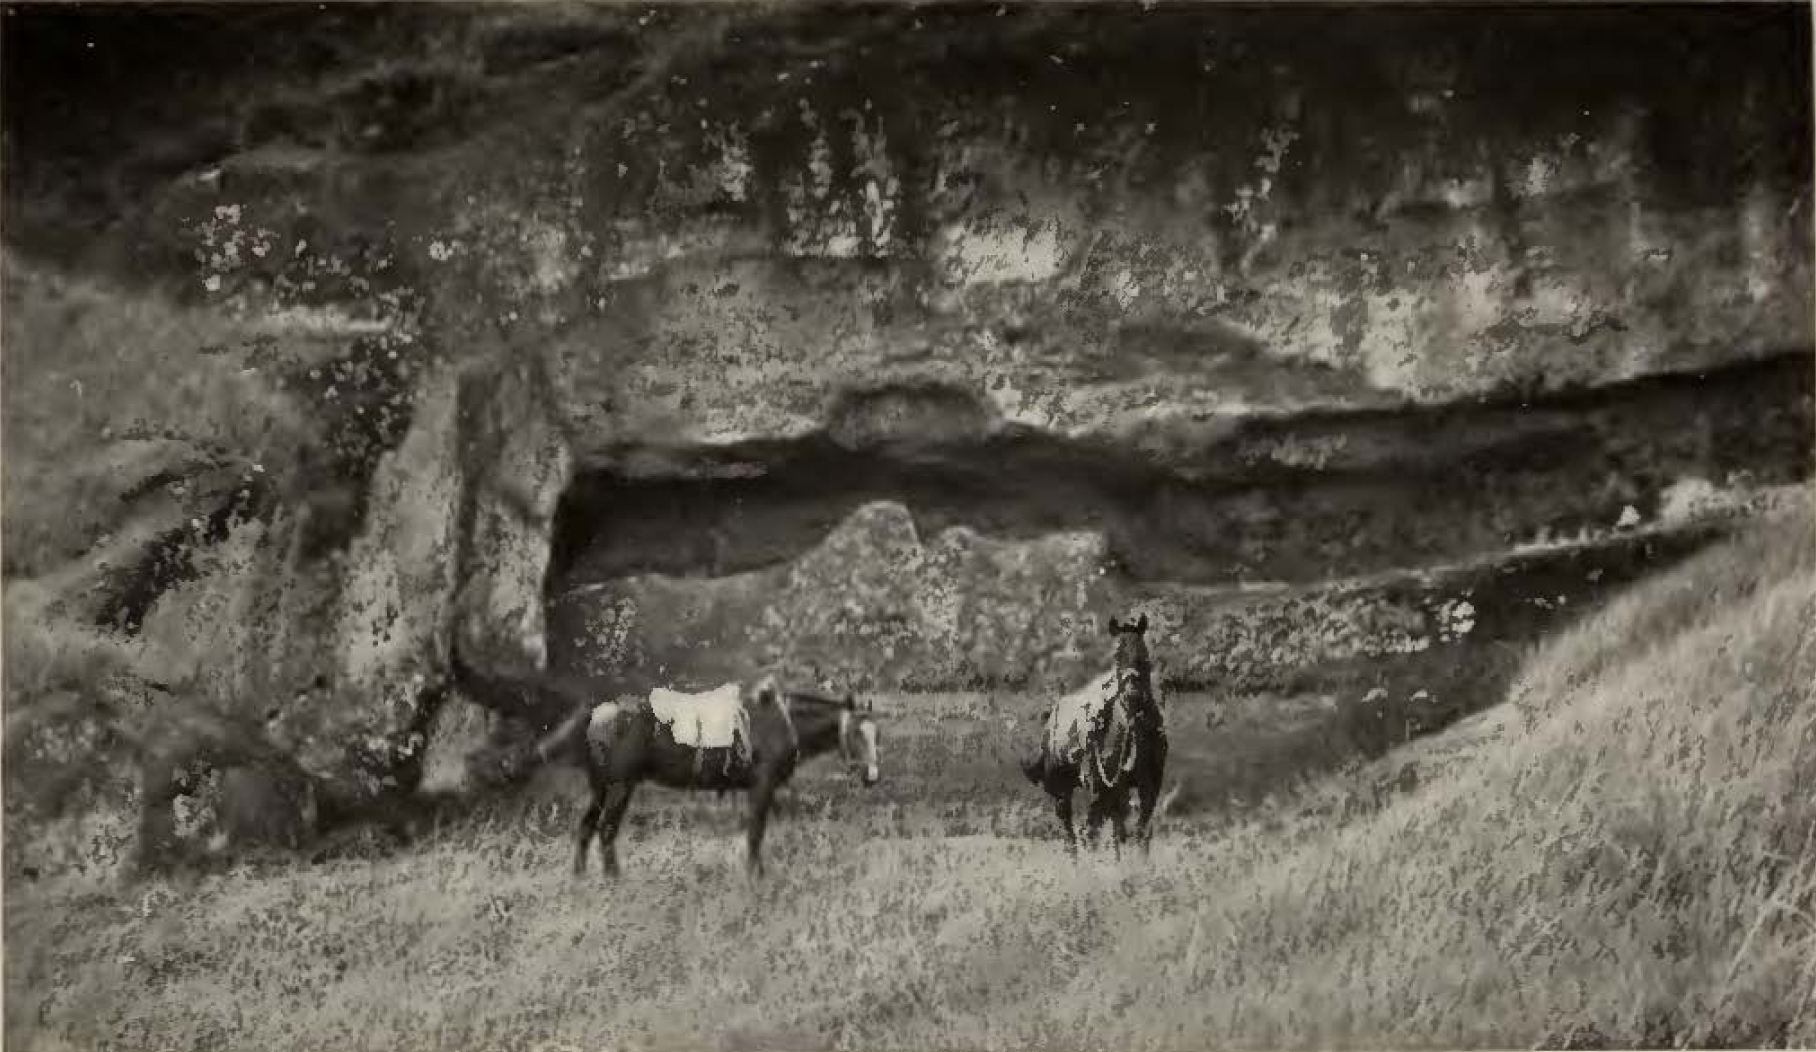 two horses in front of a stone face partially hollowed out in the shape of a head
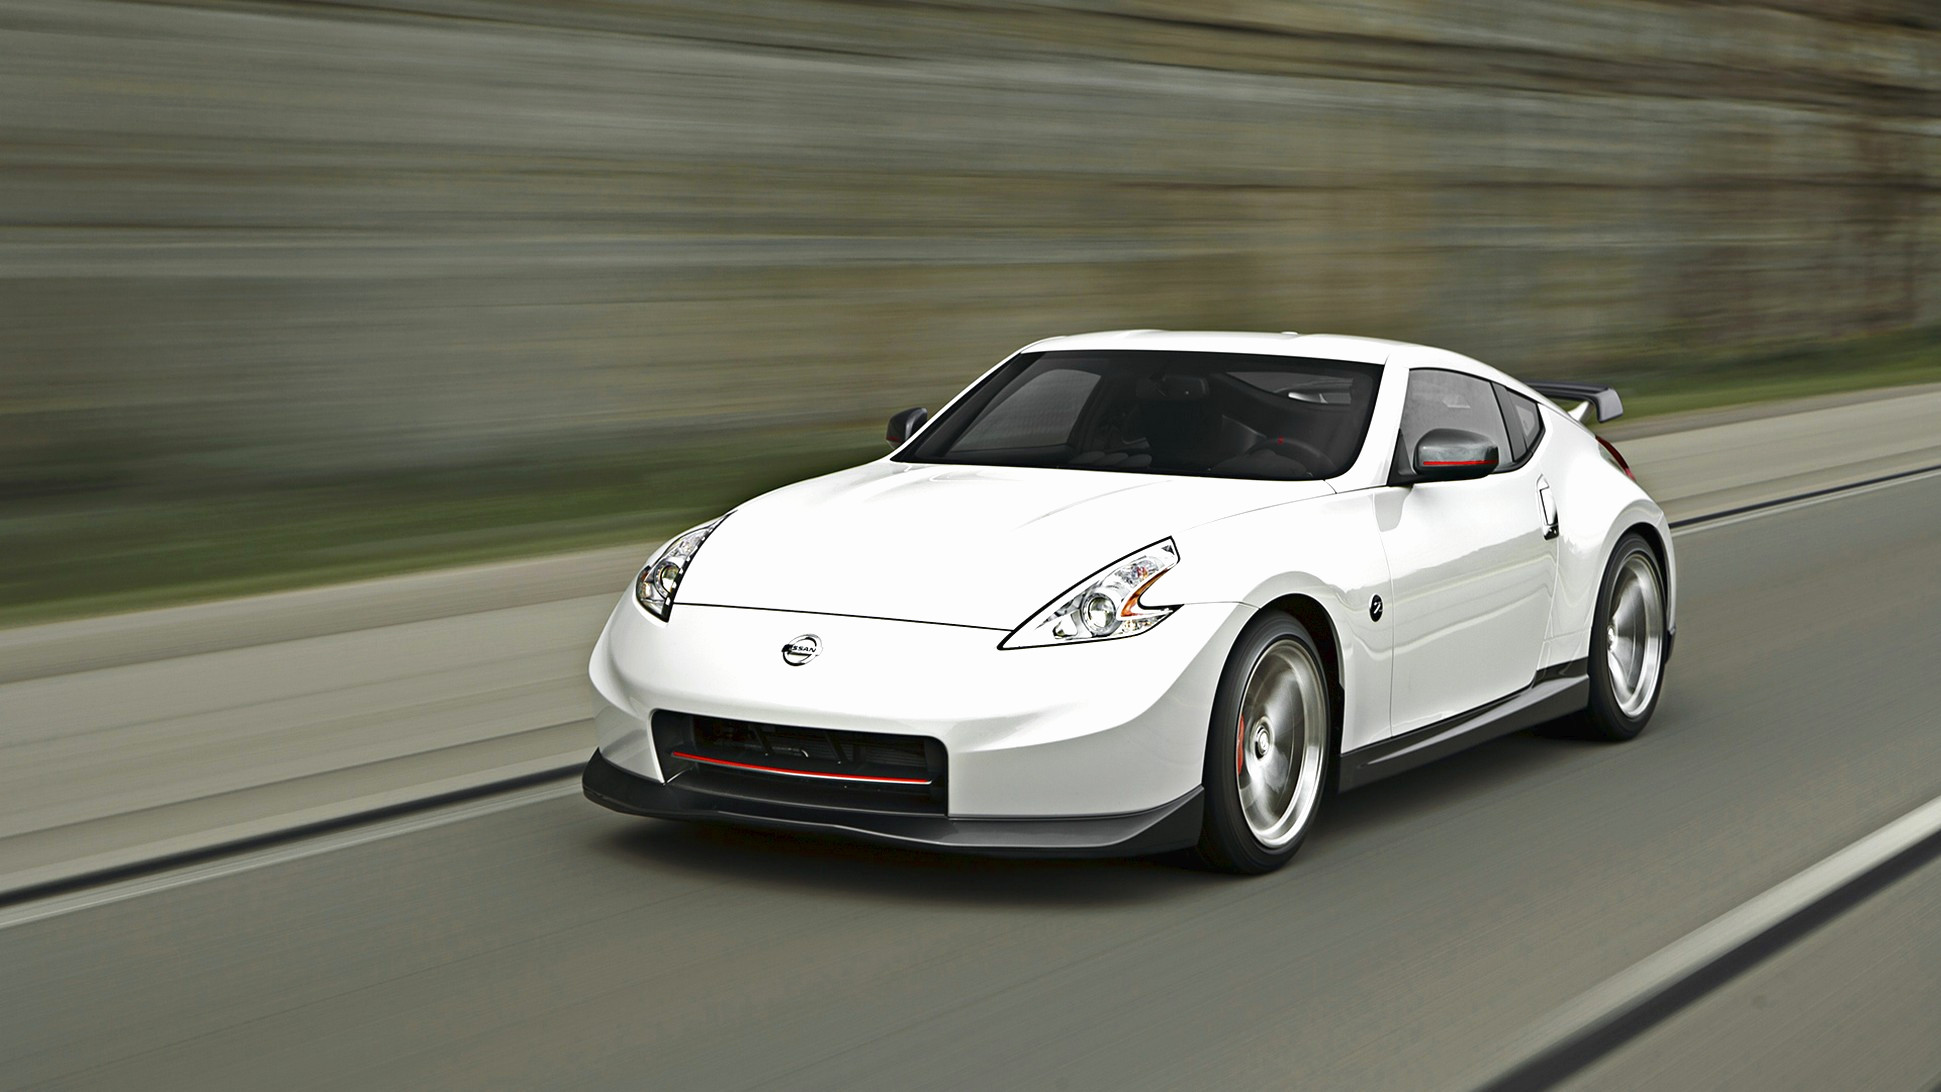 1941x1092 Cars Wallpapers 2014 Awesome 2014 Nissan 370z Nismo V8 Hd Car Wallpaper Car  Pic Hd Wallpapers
○ ○ ○ ○
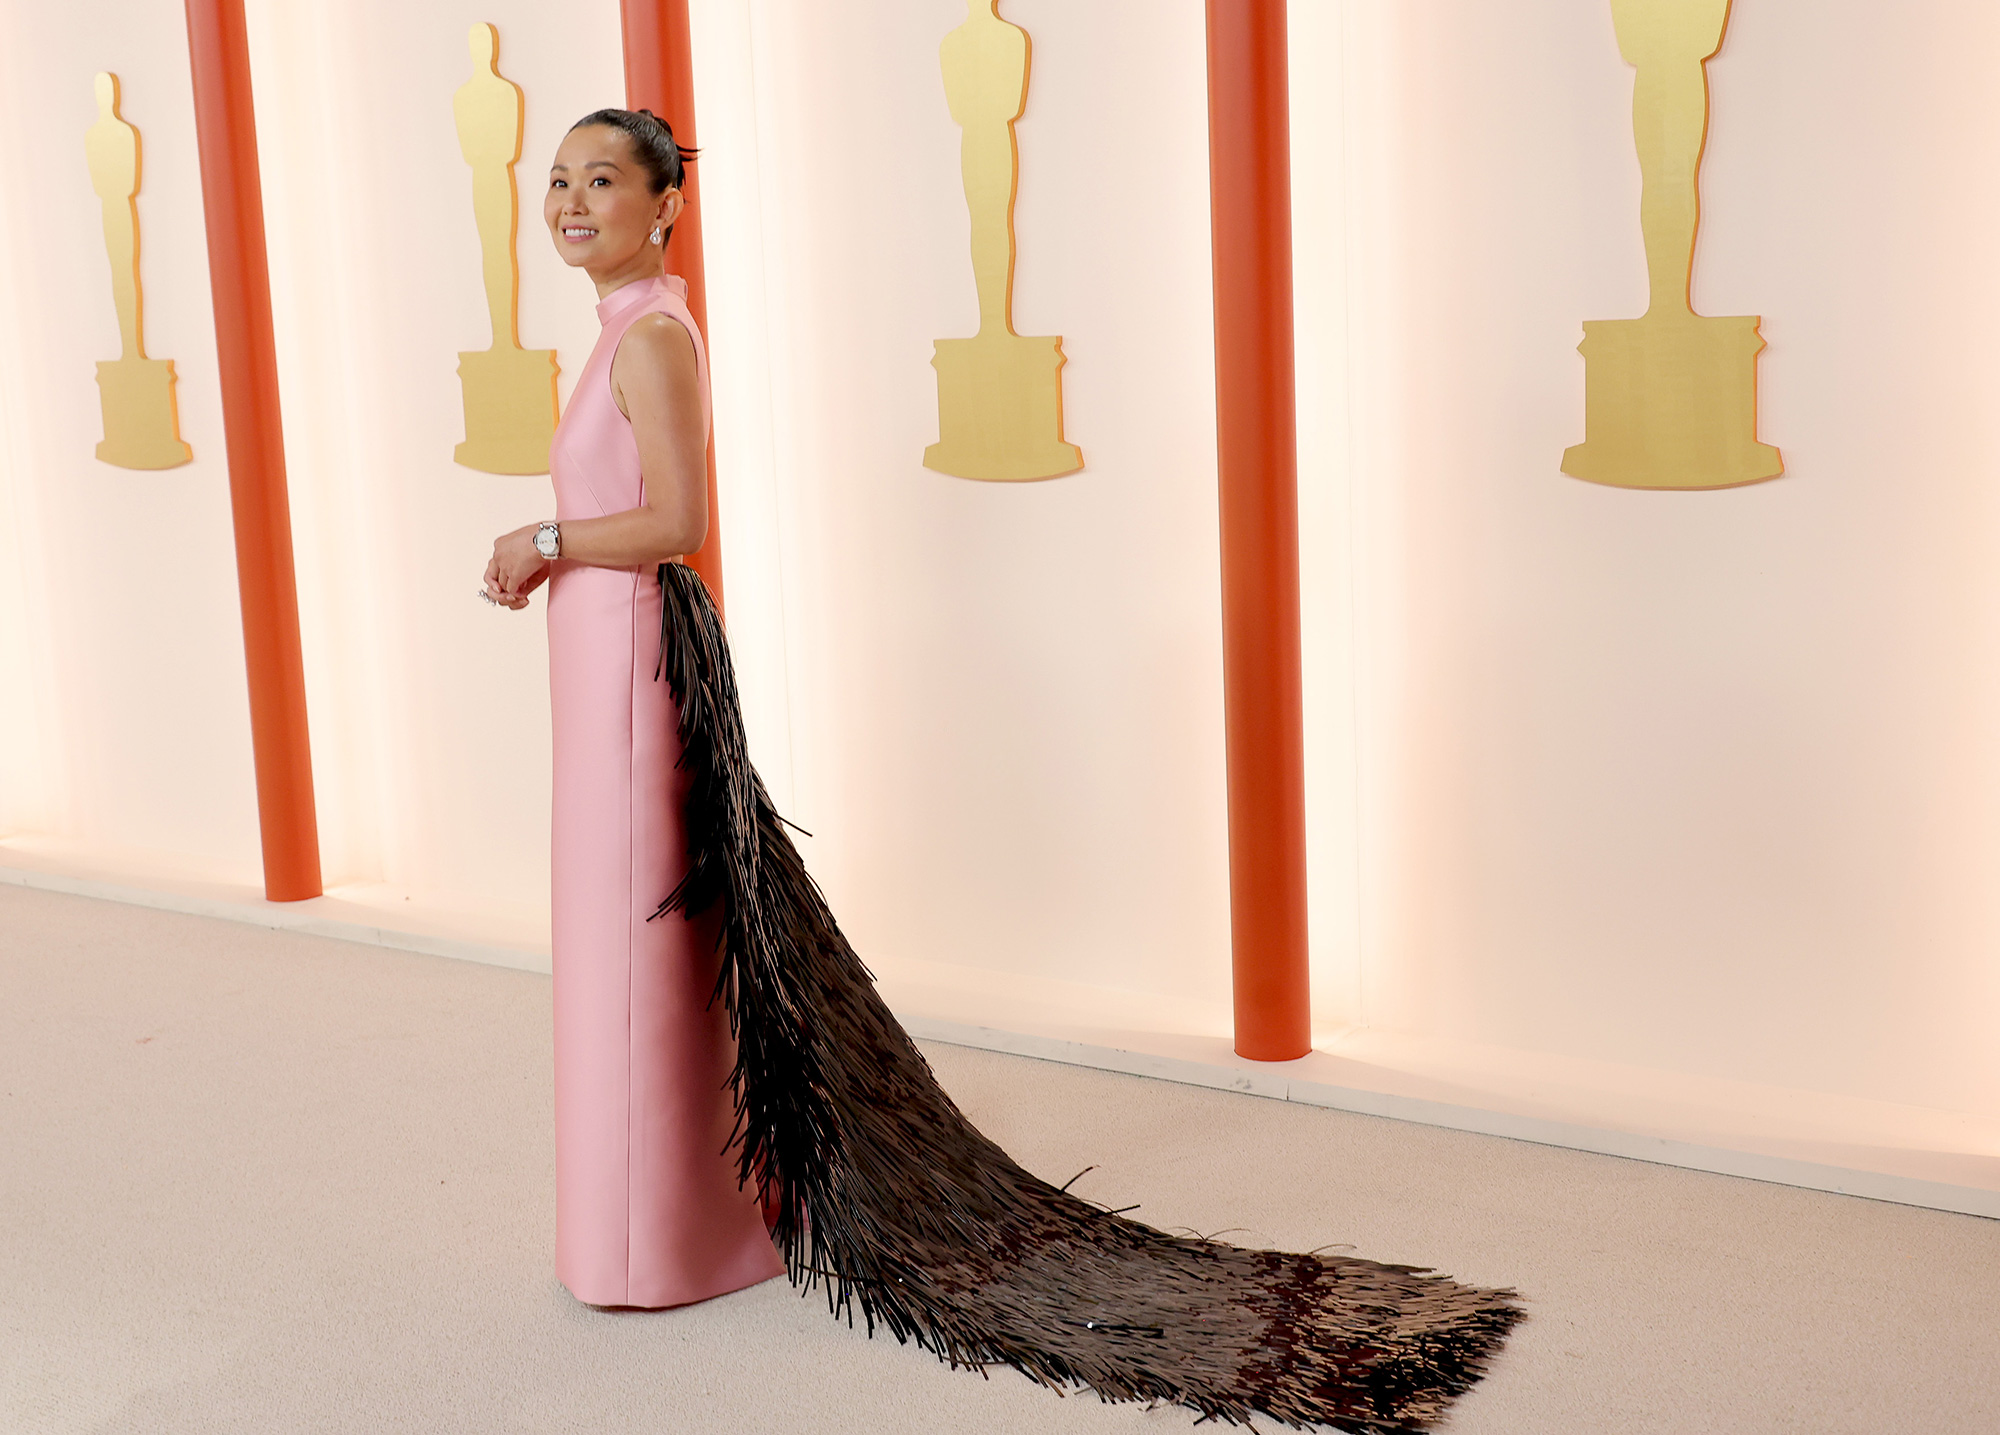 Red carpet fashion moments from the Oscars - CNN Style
○ ○ ○ ○
■ WHAT IS REQUIRED ■
Would you please reproduce the entries above, starting at the line with "two horses in" and stopping after the line with "1941x1092 Cars Wallpapers"? Omit any pictures.

■ REPLY TO THE EXERCISE ■
 two horses in front of a stone face partially hollowed out in the shape of a head
 1941x1092 Cars Wallpapers 2014 Awesome 2014 Nissan 370z Nismo V8 Hd Car Wallpaper Car  Pic Hd Wallpapers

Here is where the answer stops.